Here's my javascript code:


<script type="text/javascript">
function ajaxGet()

{

var xmlHttp;

try

{

// Firefox, Opera 8.0+, Safari

xmlHttp=new XMLHttpRequest();

}

catch (e)

{

// Internet Explorer

try

{

xmlHttp=new ActiveXObject("Msxml2.XMLHTTP");

}

catch (e)

{

try

{

xmlHttp=new ActiveXObject("Microsoft.XMLHTTP");

}

catch (e)

{

alert("Your browser does not support AJAX!");

return false;

}

}

}

xmlHttp.onreadystatechange=function()

{

if(xmlHttp.readyState==4)

{

document.getElementById('shownam').innerHTML = xmlHttp.responseText;
ajaxGetL();

}

}

//alert("Selected: " + document.getElementById("ajax1").value);

xmlHttp.open("GET","showAjax.php?type=" + document.getElementById("ajax1").value + "&rand=" + Math.random(),true);

xmlHttp.send(null);

}

function ajaxGetL()

{
//alert("CALLED");
var xmlHttp;

try

{

// Firefox, Opera 8.0+, Safari

xmlHttp=new XMLHttpRequest();

}

catch (e)

{

// Internet Explorer

try

{

xmlHttp=new ActiveXObject("Msxml2.XMLHTTP");

}

catch (e)

{

try

{

xmlHttp=new ActiveXObject("Microsoft.XMLHTTP");

}

catch (e)

{

alert("Your browser does not support AJAX!");

return false;

}

}

}

xmlHttp.onreadystatechange=function()

{

if(xmlHttp.readyState==4)

{

document.getElementById('label').value = xmlHttp.responseText;

}

}

//alert("Selected: " + document.getElementById("ajax1").value);

xmlHttp.open("GET","showAjax.php?label=" + document.getElementById("names").value + "&rand=" + Math.random(),true);

xmlHttp.send(null);
}
</script>



Here's my ajax page:

<?php

require('database.php');

if(isset($_GET['label']))
{
$label = mysql_real_escape_string($_GET['label'],$link);

$res = mysql_query("SELECT `showlabel` FROM `shownames` WHERE `showname` = '".$label."' ORDER BY `showlabel` DESC LIMIT 1;") or die("ERROR 1");

$list = mysql_fetch_assoc($res);

echo $list['showlabel']+1;
}

?>

mcjwb
10-22-2008, 03:19 PM
I think the problem lies in that you're not getting the selected "Show Name" properly.
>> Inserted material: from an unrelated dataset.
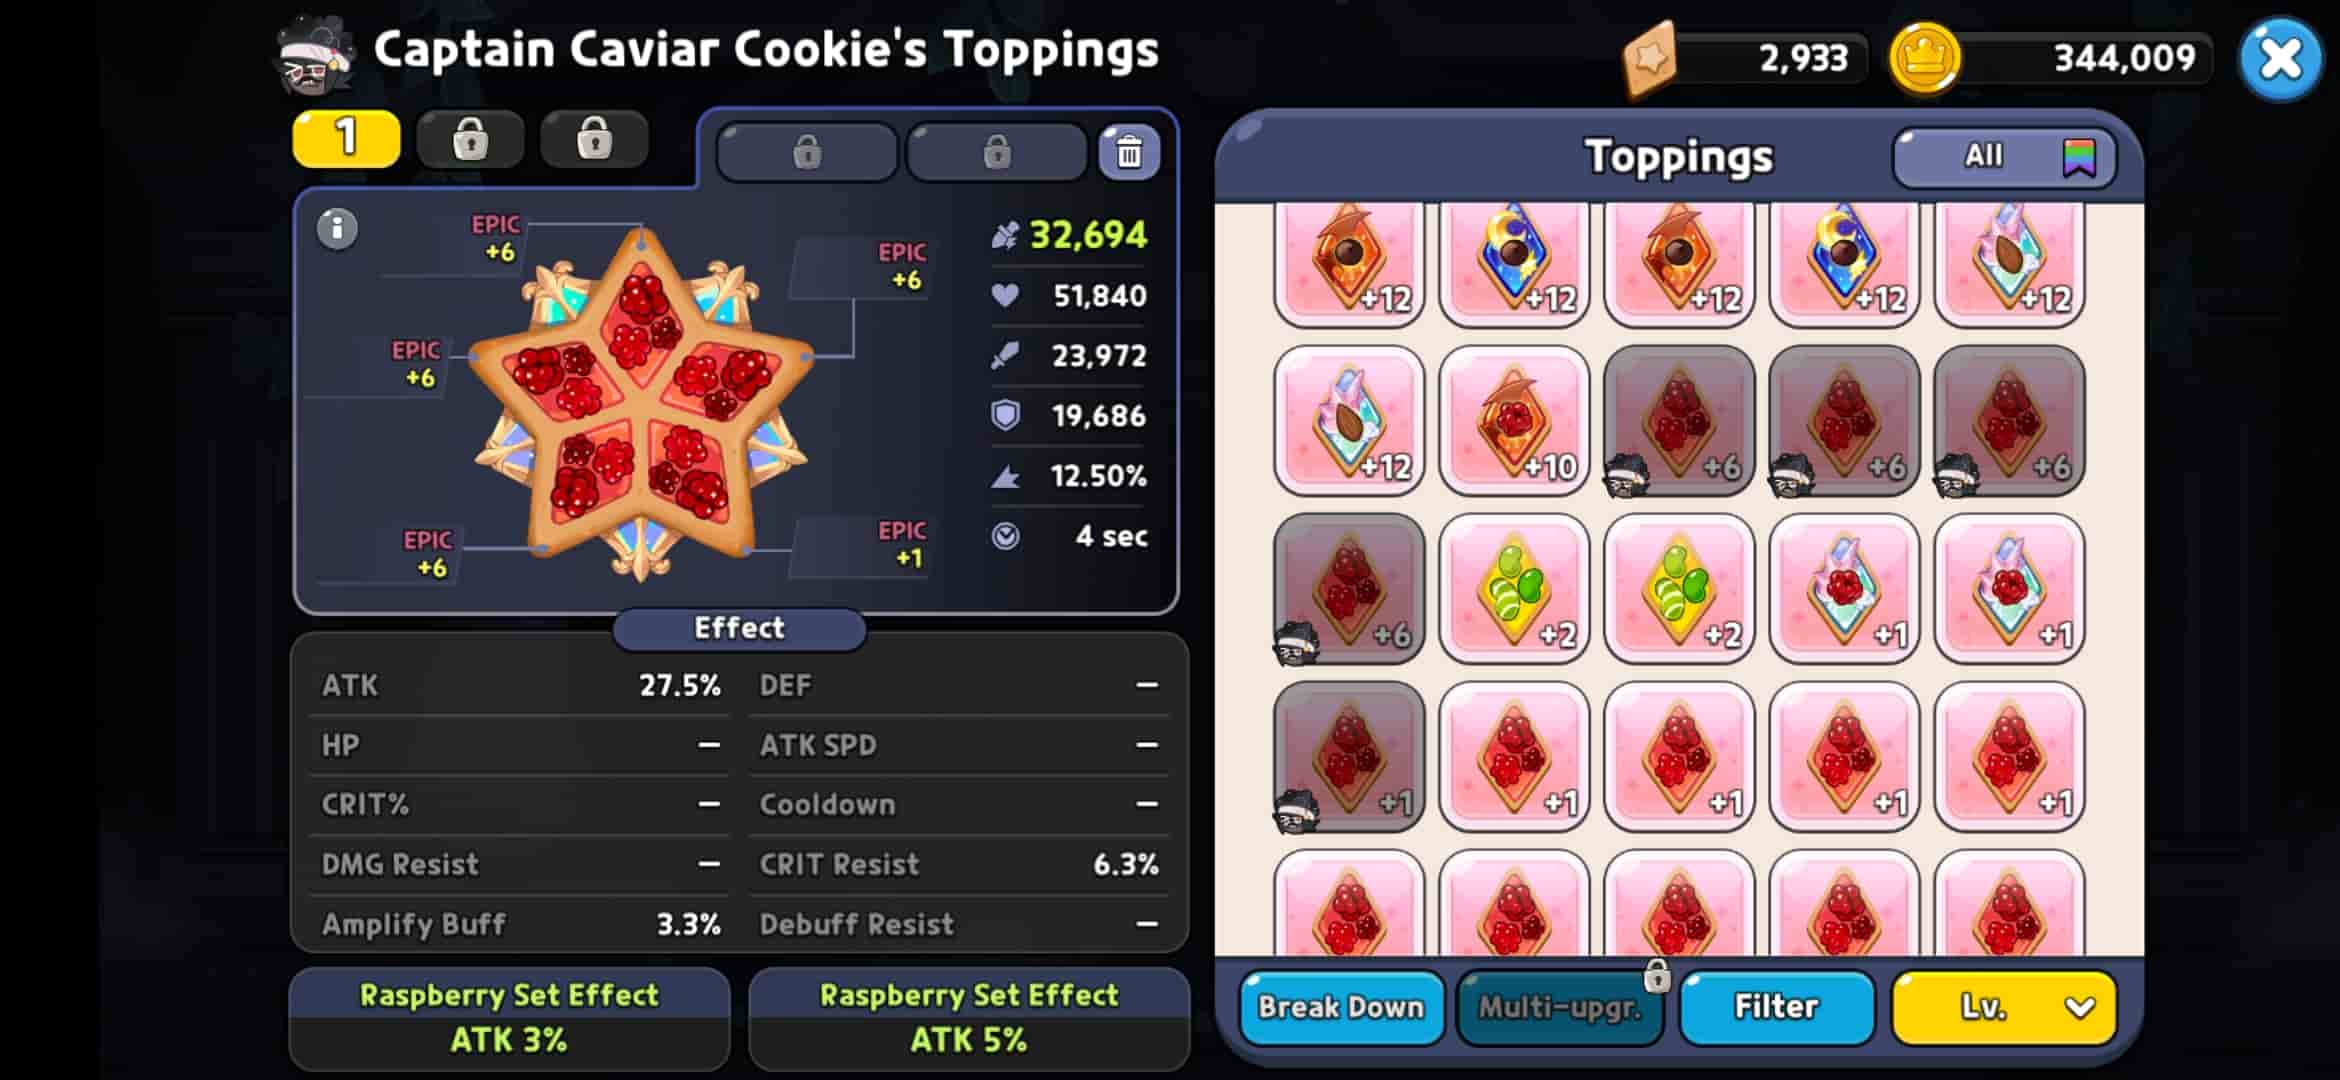 Captain Caviar Cookie toppings

The line:

xmlHttp.open("GET","showAjax.php?label=" + document.getElementById("names").value + "&rand=" + Math.random(),true);
should be something like:

var names = document.getElementById("names");
xmlHttp.open("GET","showAjax.php?label=" + names.options[names.selectedIndex].value + "&rand=" + Math.random(),true);


Also your ajax function calls a second ajax function, which I don't think is necessary, but perhapsyou haven't shown us all the code or was it just for testing?

CoolAsCarlito
10-22-2008, 11:45 PM
That didn't work.

mcjwb
10-23-2008, 12:13 AM
On closer inspection of your code you appear to have some unwanted backslashes, so you may also want to change this line:


print '<tr><td>Show Name:</td><td><select name="showname" id=\"names\" onChange="ajaxGet();"><option value="">Select a Name</option>';

to this:


print '<tr><td>Show Name:</td><td><select name="showname" id="names" onChange="ajaxGet();"><option value="">Select a Name</option>';


Also, in your javascript you are trying to access some html elements that you haven't created(at least in the code you posted), such as; "ajax1" and "shownam".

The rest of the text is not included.